Suppose you have these data:
```
seAsia <- c("Myanmar","Thailand","Cambodia","Vietnam","Laos")
## read in the gapminder data that we downloaded in episode 2
gapminder <- read.csv("data/gapminder-FiveYearData.csv", header=TRUE)
## extract the `country` column from a data frame (we'll see this later);
## convert from a factor to a character;
## and get just the non-repeated elements
countries <- unique(as.character(gapminder$country))
```
There’s a wrong way (using only ==), which will give you a warning; a clunky way (using the logical operators == and |); and an elegant way (using %in%). See whether you can come up with all three and explain how they (don’t) work.
4. Given the following code:
```
m <- matrix(1:18, nrow=3, ncol=6)
print(m)
[,1] [,2] [,3] [,4] [,5] [,6]
[1,] 1 4 7 10 13 16
[2,] 2 5 8 11 14 17
[3,] 3 6 9 12 15 18
```
Which of the following commands will extract the values 11 and 14?
5. Given the following list:
```
xlist <- list(a = "Software Carpentry", b = 1:10, data = head(iris))
```
Using your knowledge of both list and vector subsetting, extract the number 2 from xlist. Hint: the number 2 is contained within the “b” item in the list.
6. Given a linear model:
```
mod <- aov(pop ~ lifeExp, data=gapminder)
```
Extract the residual degrees of freedom (hint: `attributes()` will help you)
7. Fix each of the following common data frame subsetting errors:
a. Extract observations collected for the year 1957
`gapminder[gapminder$year = 1957,]`
b. Extract all columns except 1 through to 4
`gapminder[,-1:4]`
c. Extract the rows where the life expectancy is longer the 80 years
`gapminder[gapminder$lifeExp > 80]`
d. Extract the first row, and the fourth and fifth columns (lifeExp and gdpPercap).
`gapminder[1, 4, 5]`
e. Advanced: extract rows that contain information for the years 2002 and 2007
`gapminder[gapminder$year == 2002 | 2007,]`
Git
---
**Exercise 1**
1. Make a new file about another planet in the solar system. Add a fact or two, then commit that file to the repository as well.
2. Here in the hack pad, type one attribute of a good log message.
- Specify which changes were made to which document.
- Avoid general language that could apply to any document e.g. "fixed typos".

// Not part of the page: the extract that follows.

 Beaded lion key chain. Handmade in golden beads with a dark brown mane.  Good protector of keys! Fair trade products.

- Be as concise as possible while providing detail
- be descriptive about scope of changes
- Think about what will be good to know 6 months from now that may seem obvious today
- Be wary of spaces or incorrect spelling
- Be concise.
- If there are multiple files, include file name in description
**Exercise 2**
1. Delete the file about another planet that you created in our last exercise. (Remember, you can do so with the `rm` command.) What happens when you say `git status`? Then, recover the file with git checkout.
2. Go to http://github.com. If you have an account already, log in to it; if not, sign up for an account.
**Exercise 3**
On your GitHub project page, click "XXX Commits". Explore this interface for a few minutes; click on a commit, or on the buttons to the side of the commits. Think about the information this is giving you, and how you would get the same information from the git command line. Post anything interesting you find in the hack pad.

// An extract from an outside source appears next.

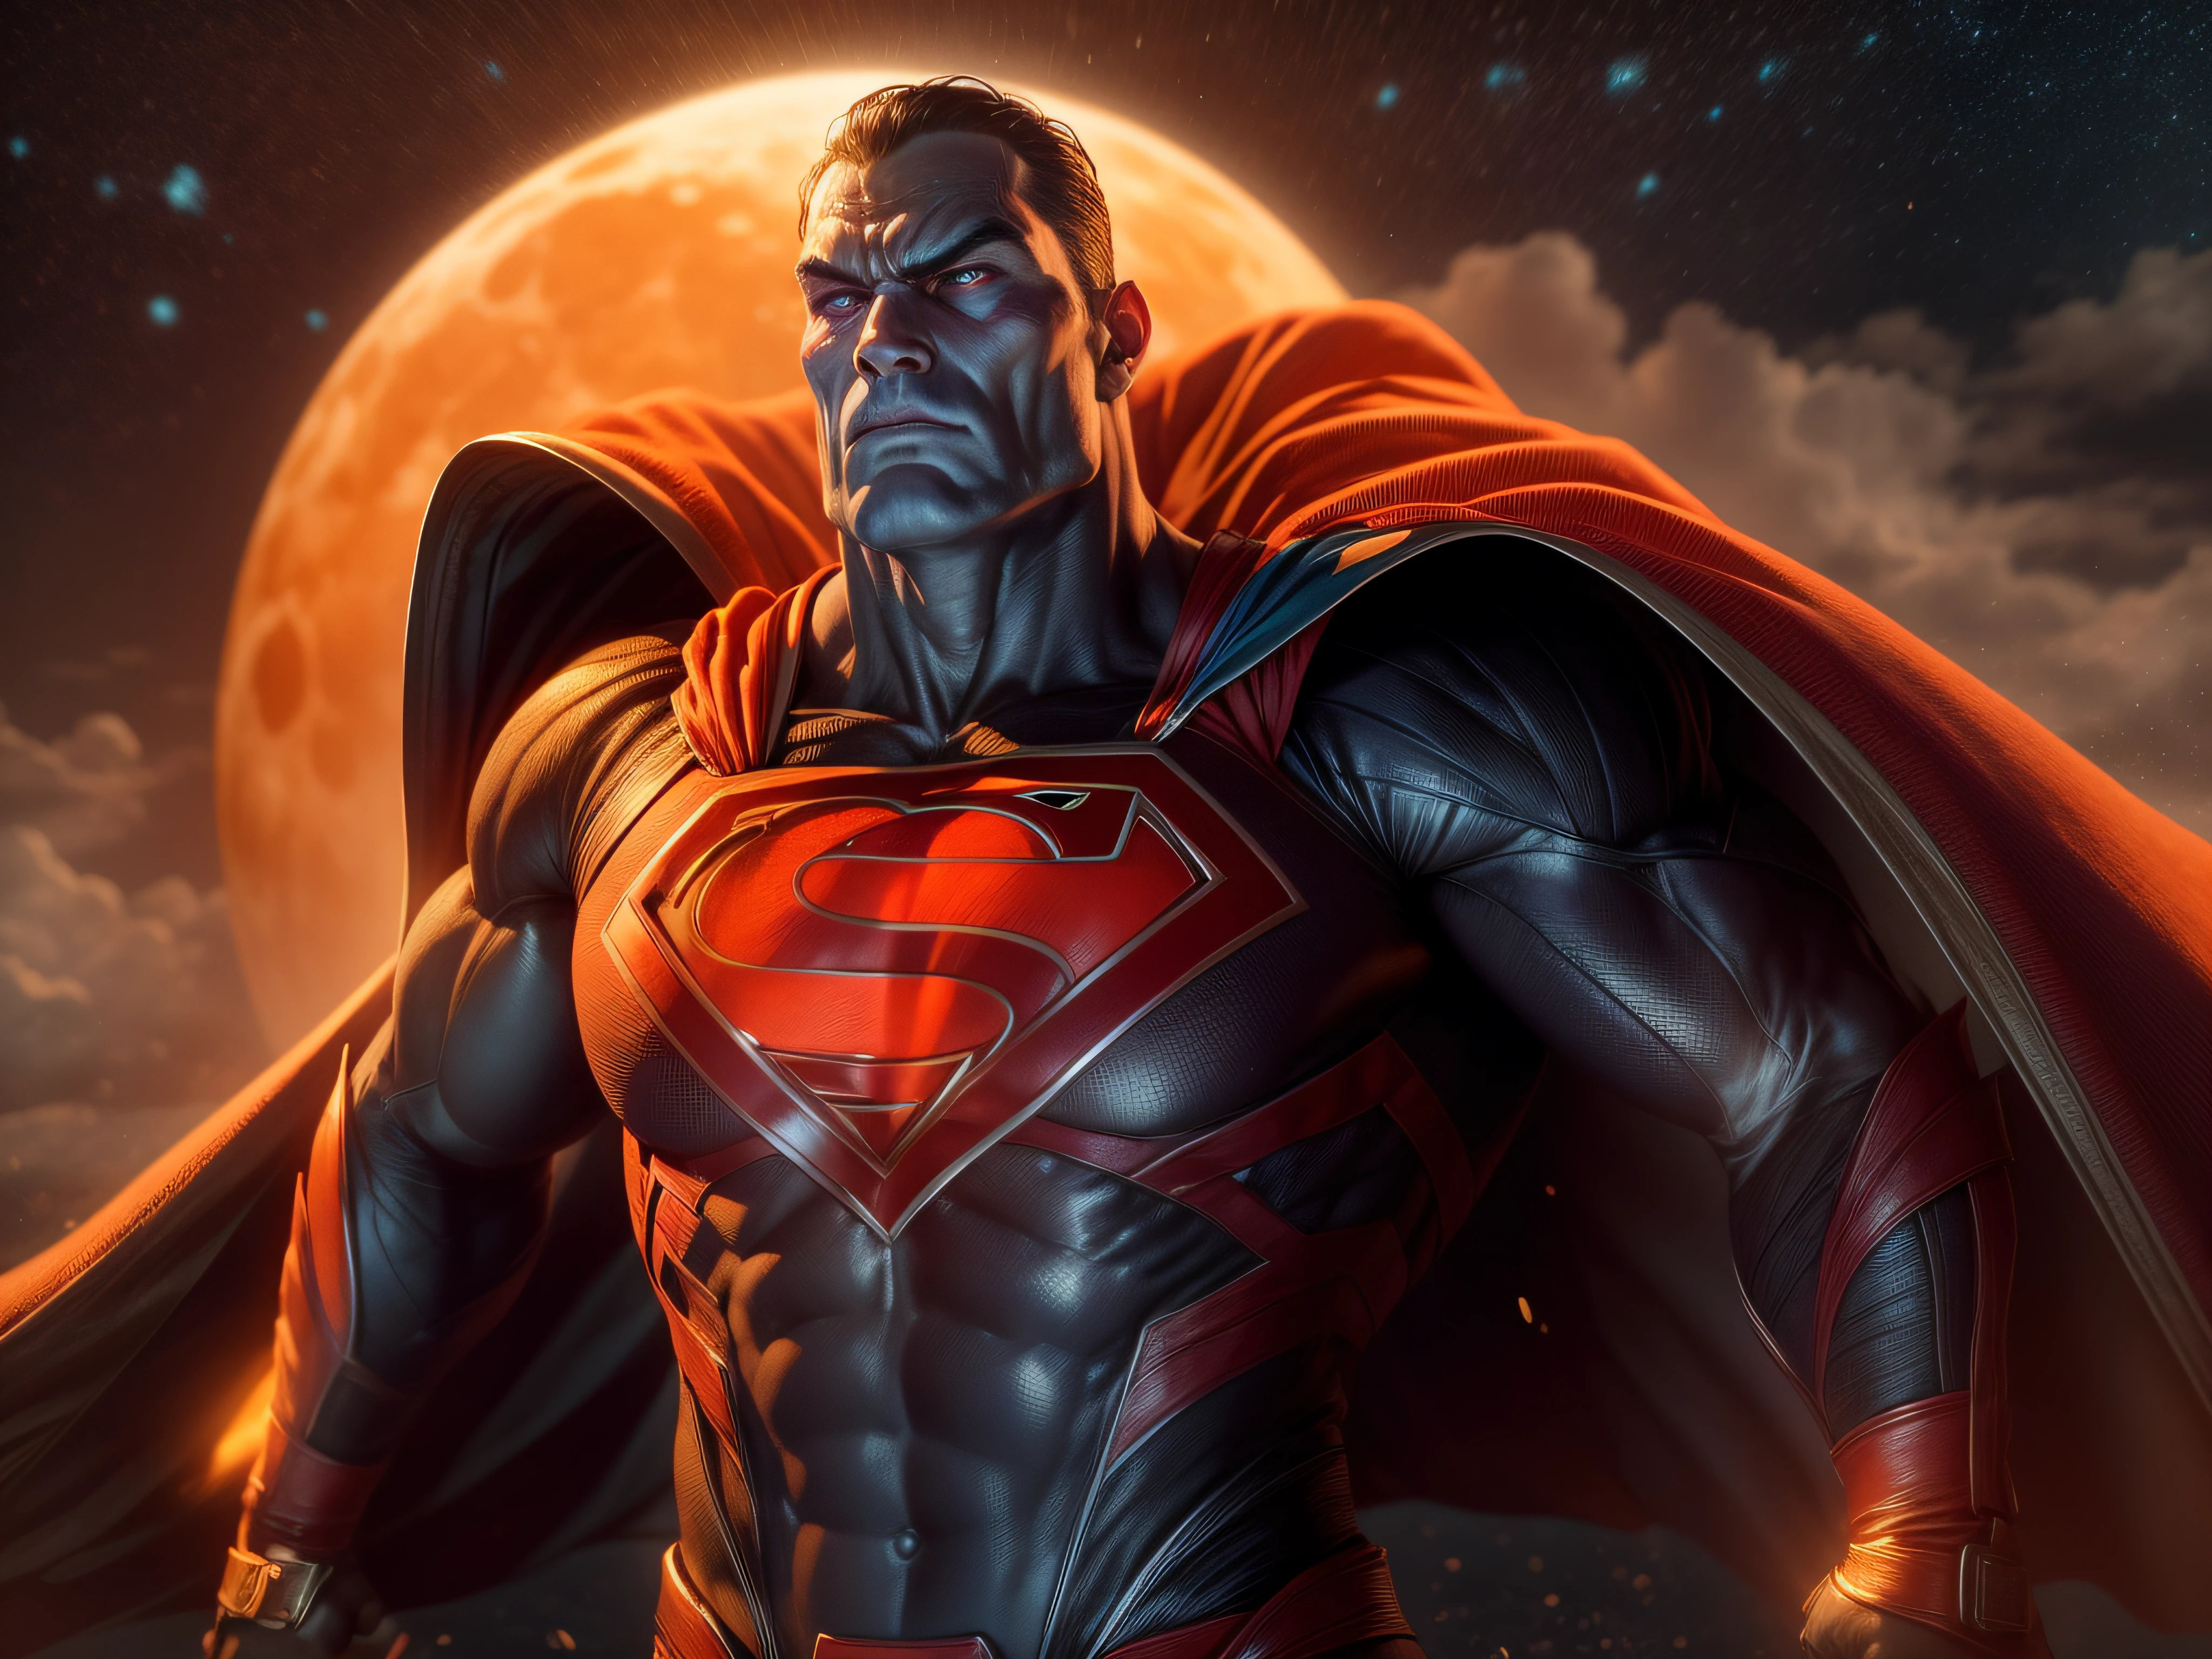 Close a powerful threat, The imposing appearance of the mighty Superman dressed in orange uniform, menacing stare, ricamente detalhado, Hiper realista, 3D-rendering, obra-prima, NVIDIA, RTX, ray-traced, Bokeh, Night sky with a huge and beautiful full moon, estrelas brilhando, 8k,

- The initial interface is similar to 'git log'
- clicking on a file is similar to 'git diff'
**Exercise 4**
1. If you were the Collaborator, assume the role of the Owner -- give your colleague access to your repo, and if you are now the Collaborator, clone the repo and practice changing it then pushing changes back to GitHub.

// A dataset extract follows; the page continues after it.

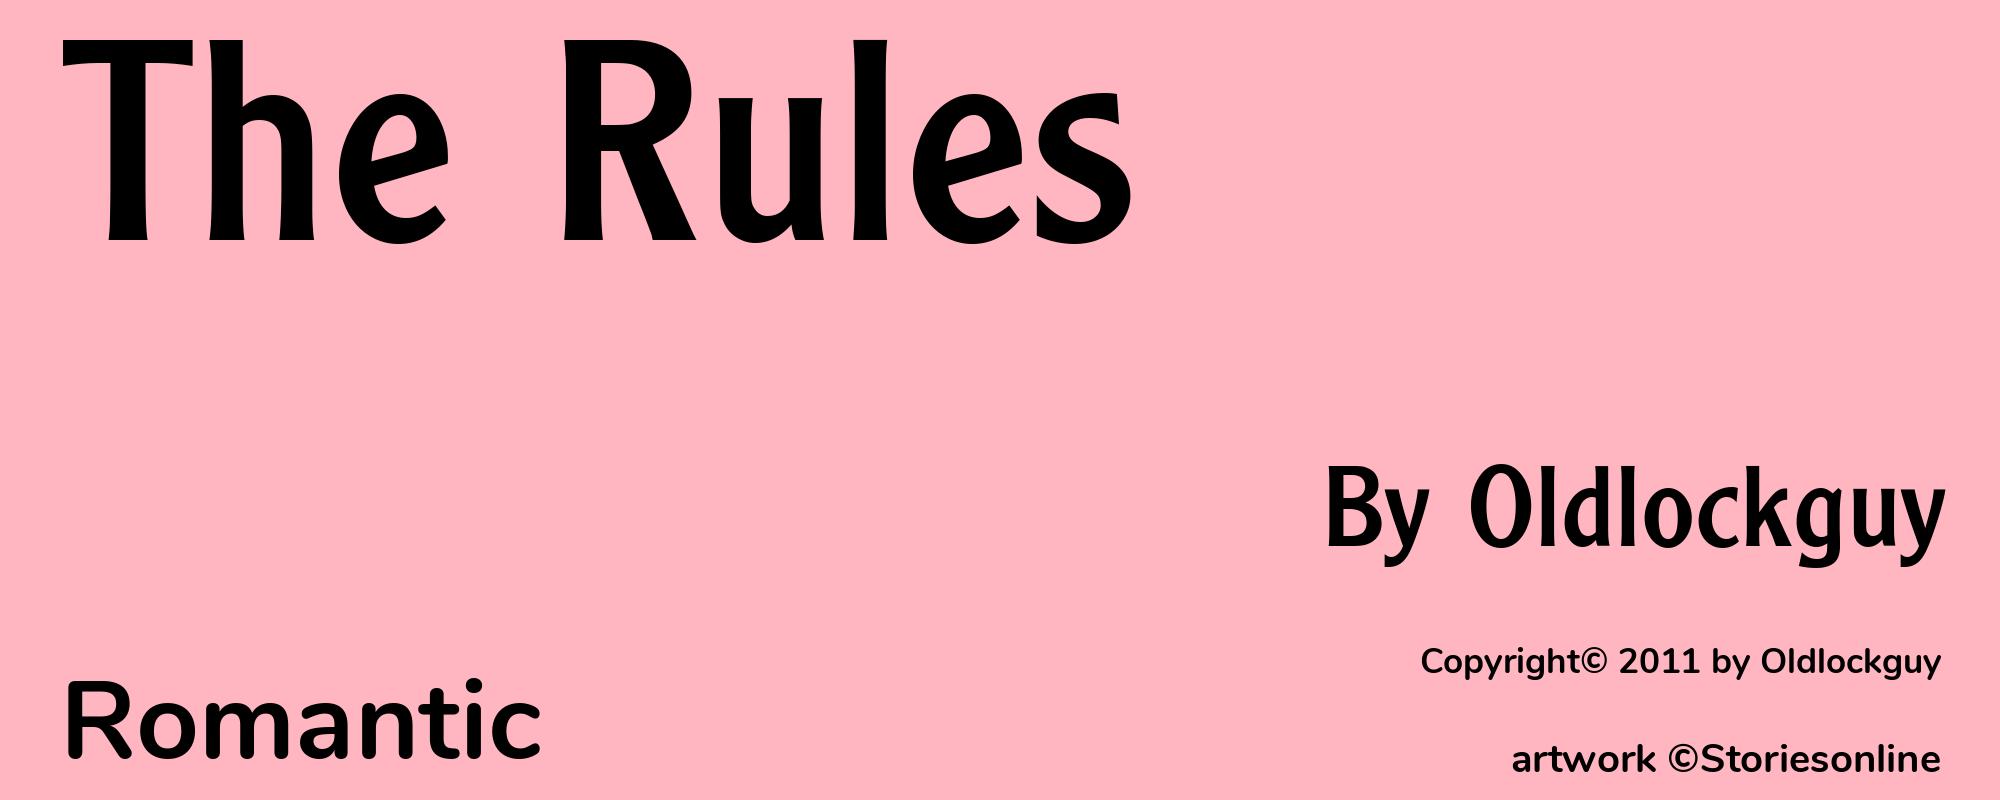 The Rules - Cover

2. Play with GitHub some more. In particular, have a look at the commit viewer. Add a comment to your colleague's commit. Why might comments like this be useful in a collaborative environment? If you discover anything cool, add it to the Etherpad.
**Exercise 5**
Reverse roles with your partner. The person who resolved the conflict, make a new commit and push it to GitHub. The other partner, make a conflicting commit, then pull from GitHub and resolve the conflict.